• **Task requirements**: What you should give back is a precise copy of the lines below from the one containing "THE SMITHS - PANIC" through the one containing "Meghan Trainor Reveals", with no pictures.

• **Source information**:
● ● ● ● ● ● ●

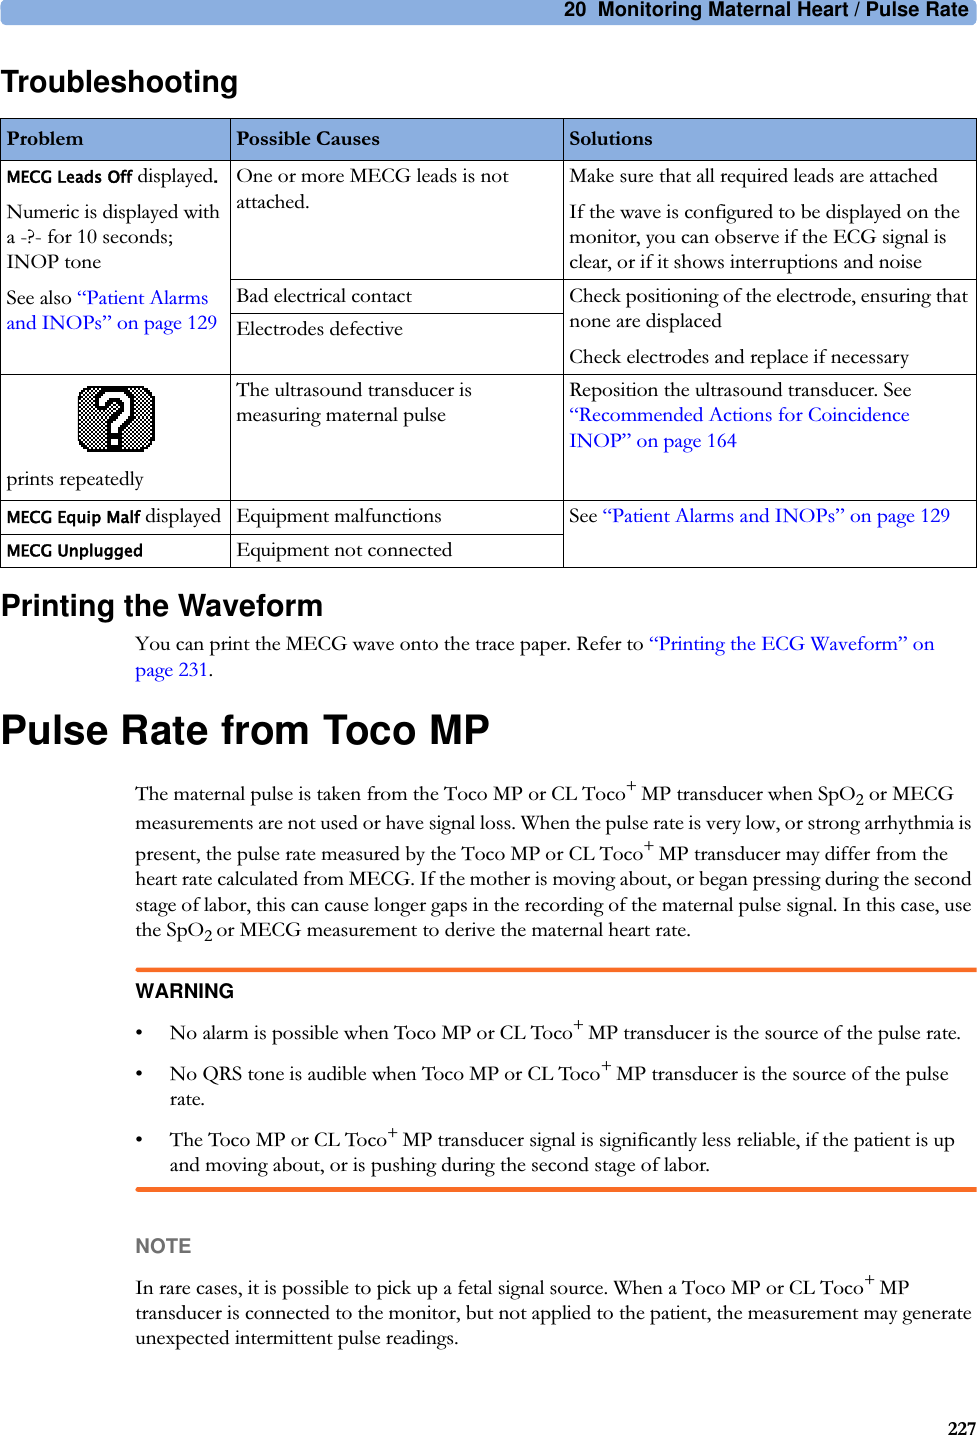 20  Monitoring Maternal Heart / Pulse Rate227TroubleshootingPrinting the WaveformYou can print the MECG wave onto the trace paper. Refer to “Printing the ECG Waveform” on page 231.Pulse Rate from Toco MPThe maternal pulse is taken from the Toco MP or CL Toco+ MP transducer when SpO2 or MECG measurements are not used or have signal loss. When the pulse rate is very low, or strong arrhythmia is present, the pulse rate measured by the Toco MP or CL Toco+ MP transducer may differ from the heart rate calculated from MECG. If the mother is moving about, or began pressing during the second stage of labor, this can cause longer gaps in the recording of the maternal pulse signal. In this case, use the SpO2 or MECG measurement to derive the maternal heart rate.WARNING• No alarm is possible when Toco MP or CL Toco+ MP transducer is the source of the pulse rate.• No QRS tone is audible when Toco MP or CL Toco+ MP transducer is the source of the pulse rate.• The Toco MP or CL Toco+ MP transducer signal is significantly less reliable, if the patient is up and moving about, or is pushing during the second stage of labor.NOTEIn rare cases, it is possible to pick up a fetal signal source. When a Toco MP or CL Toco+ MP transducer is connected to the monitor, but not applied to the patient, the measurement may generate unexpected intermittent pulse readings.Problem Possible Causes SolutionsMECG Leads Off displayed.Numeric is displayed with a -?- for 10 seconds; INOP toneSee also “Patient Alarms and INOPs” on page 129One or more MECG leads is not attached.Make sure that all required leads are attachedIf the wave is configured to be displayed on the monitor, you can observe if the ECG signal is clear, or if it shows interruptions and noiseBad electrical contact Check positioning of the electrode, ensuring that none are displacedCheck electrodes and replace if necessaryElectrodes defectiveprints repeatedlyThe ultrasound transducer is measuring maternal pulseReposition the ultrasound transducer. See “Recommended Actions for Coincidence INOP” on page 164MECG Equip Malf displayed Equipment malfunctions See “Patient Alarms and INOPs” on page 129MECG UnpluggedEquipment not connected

● ● ● ● ● ● ●

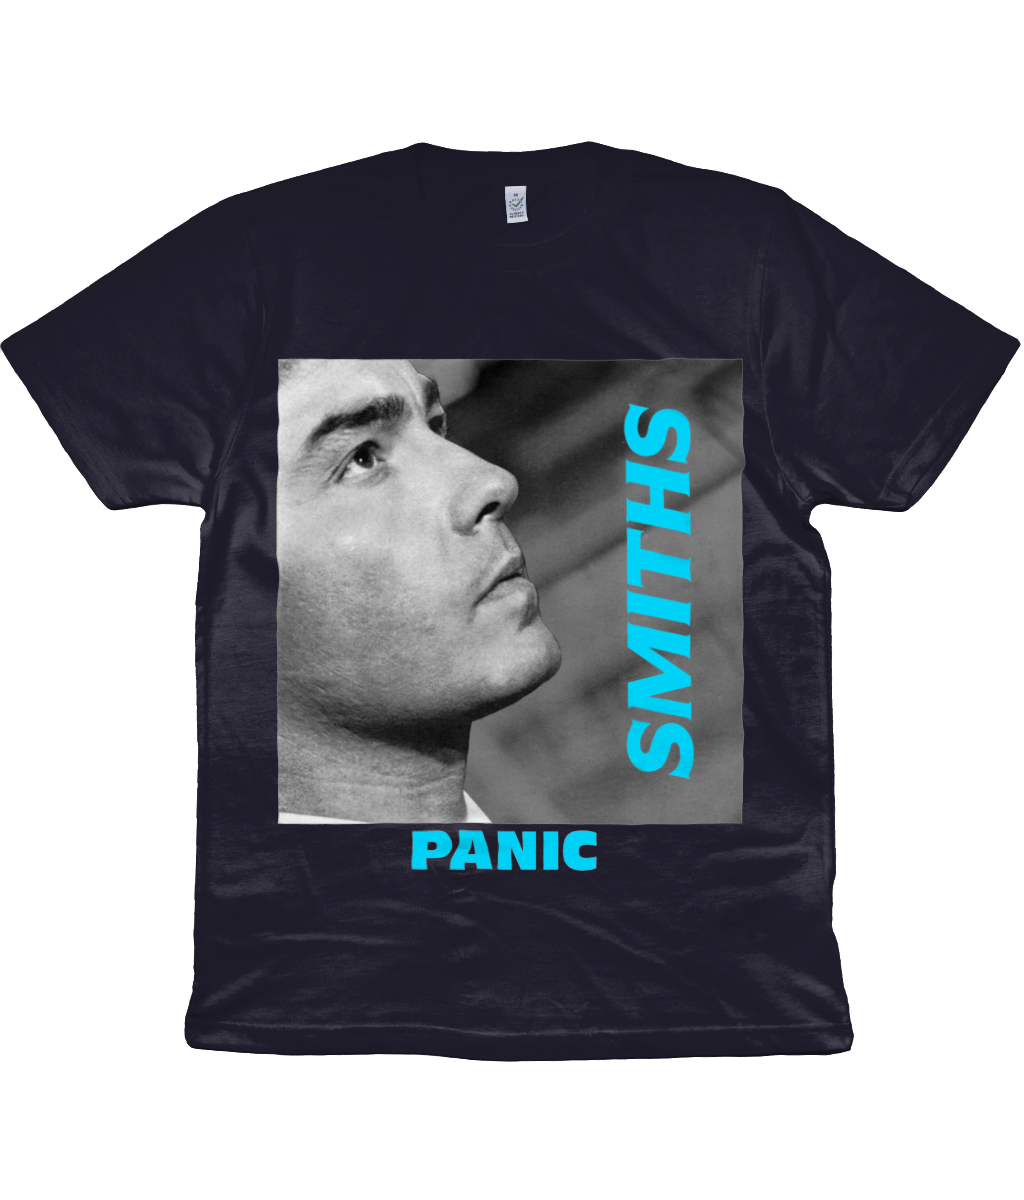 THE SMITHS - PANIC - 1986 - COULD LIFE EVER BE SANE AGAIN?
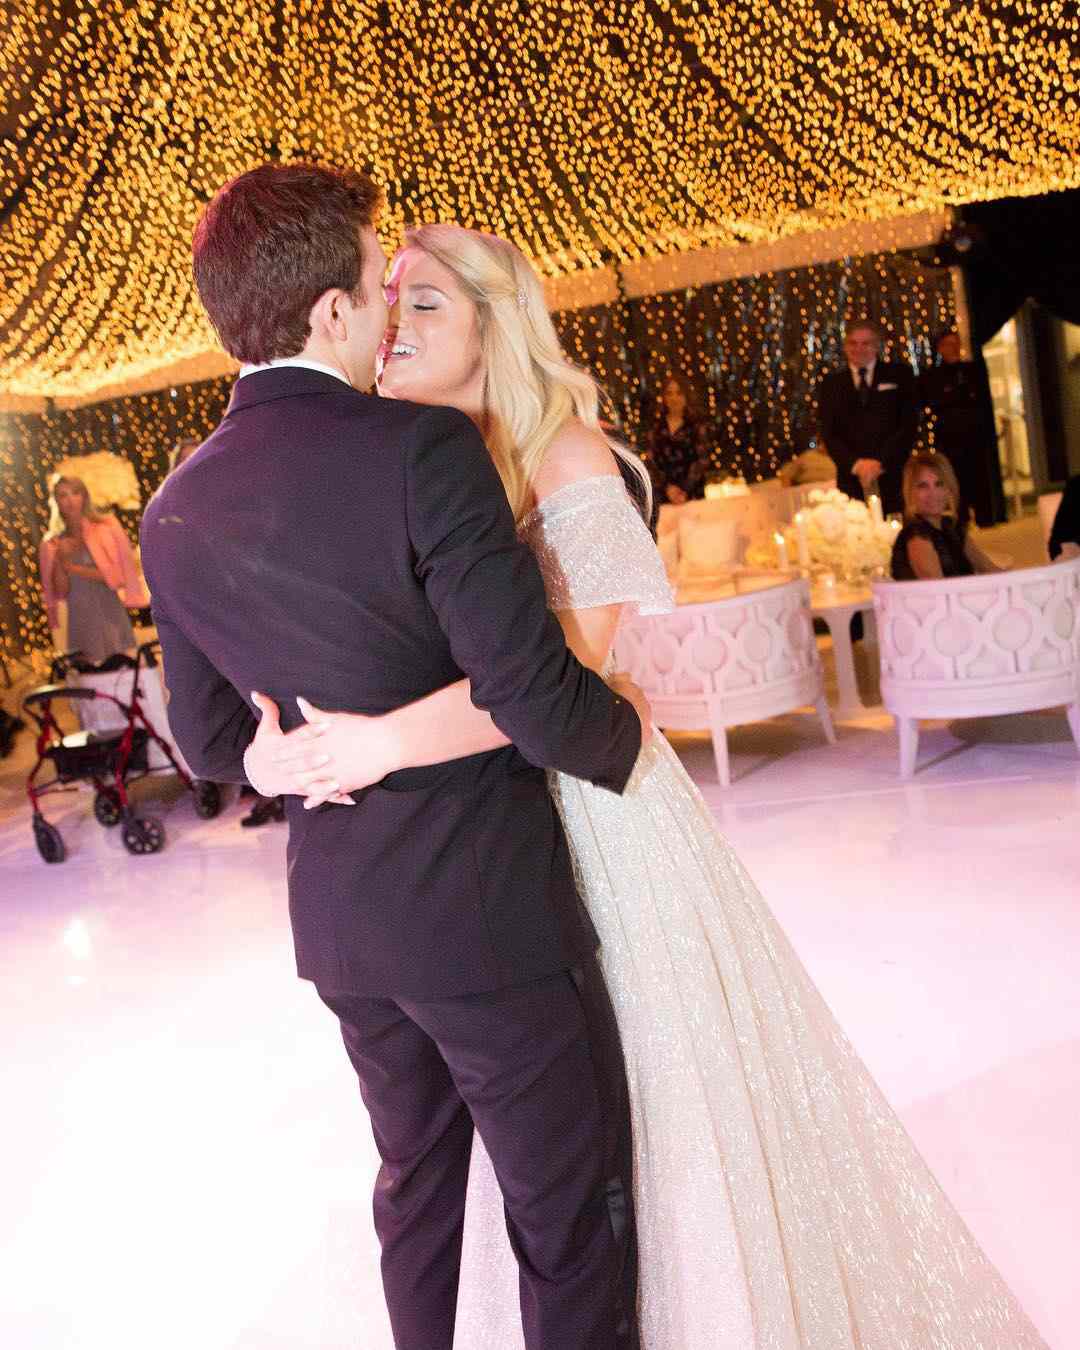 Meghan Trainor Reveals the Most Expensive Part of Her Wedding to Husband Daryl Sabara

● ● ● ● ● ● ●

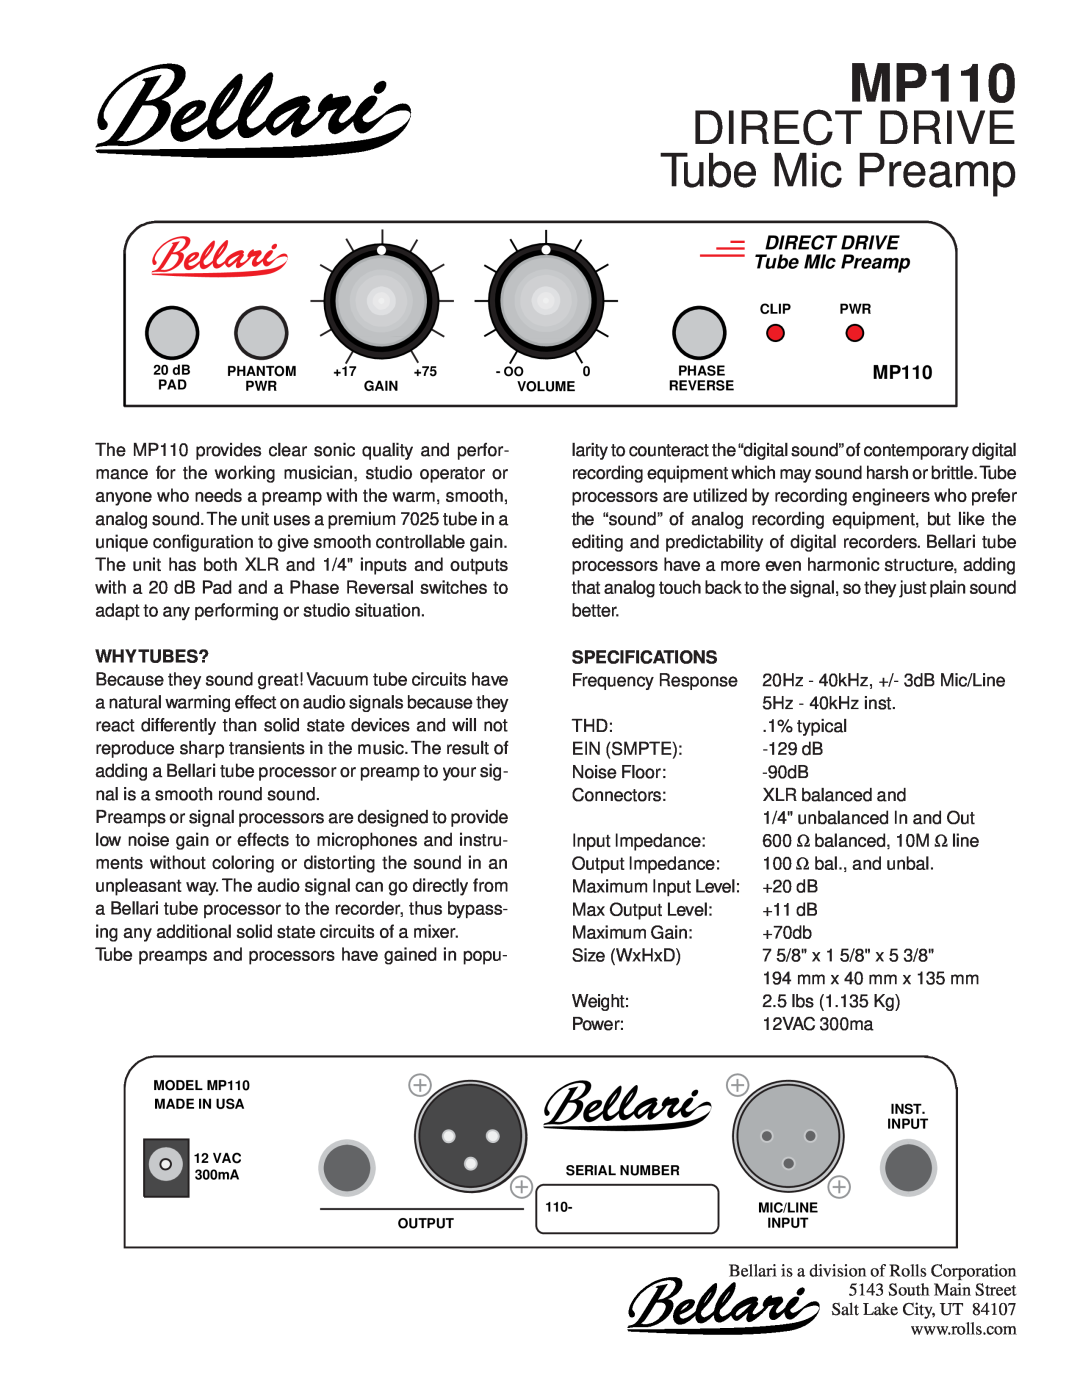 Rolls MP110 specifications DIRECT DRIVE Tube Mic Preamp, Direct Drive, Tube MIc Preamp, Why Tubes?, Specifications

● ● ● ● ● ● ●

• **Solution**:
 THE SMITHS - PANIC - 1986 - COULD LIFE EVER BE SANE AGAIN?
 Meghan Trainor Reveals the Most Expensive Part of Her Wedding to Husband Daryl Sabara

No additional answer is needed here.